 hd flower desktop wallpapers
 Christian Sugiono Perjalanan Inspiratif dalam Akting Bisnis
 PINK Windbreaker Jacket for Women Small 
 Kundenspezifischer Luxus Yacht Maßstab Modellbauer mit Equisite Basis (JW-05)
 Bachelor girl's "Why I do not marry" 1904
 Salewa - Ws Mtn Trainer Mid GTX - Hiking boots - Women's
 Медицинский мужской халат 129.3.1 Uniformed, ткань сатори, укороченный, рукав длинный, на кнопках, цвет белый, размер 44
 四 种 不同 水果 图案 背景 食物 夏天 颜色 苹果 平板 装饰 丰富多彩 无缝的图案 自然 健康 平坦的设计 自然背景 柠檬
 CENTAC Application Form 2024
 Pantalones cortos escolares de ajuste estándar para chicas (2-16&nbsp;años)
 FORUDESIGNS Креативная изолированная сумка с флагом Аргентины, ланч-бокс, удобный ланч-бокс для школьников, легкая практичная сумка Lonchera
****************
• YOUR GOAL
Give back the entries above exactly as they are, from their first line through the line that contains "Salewa - Ws", both included, with nothing else.

• COMPLETED EXERCISE
 hd flower desktop wallpapers
 Christian Sugiono Perjalanan Inspiratif dalam Akting Bisnis
 PINK Windbreaker Jacket for Women Small 
 Kundenspezifischer Luxus Yacht Maßstab Modellbauer mit Equisite Basis (JW-05)
 Bachelor girl's "Why I do not marry" 1904
 Salewa - Ws Mtn Trainer Mid GTX - Hiking boots - Women's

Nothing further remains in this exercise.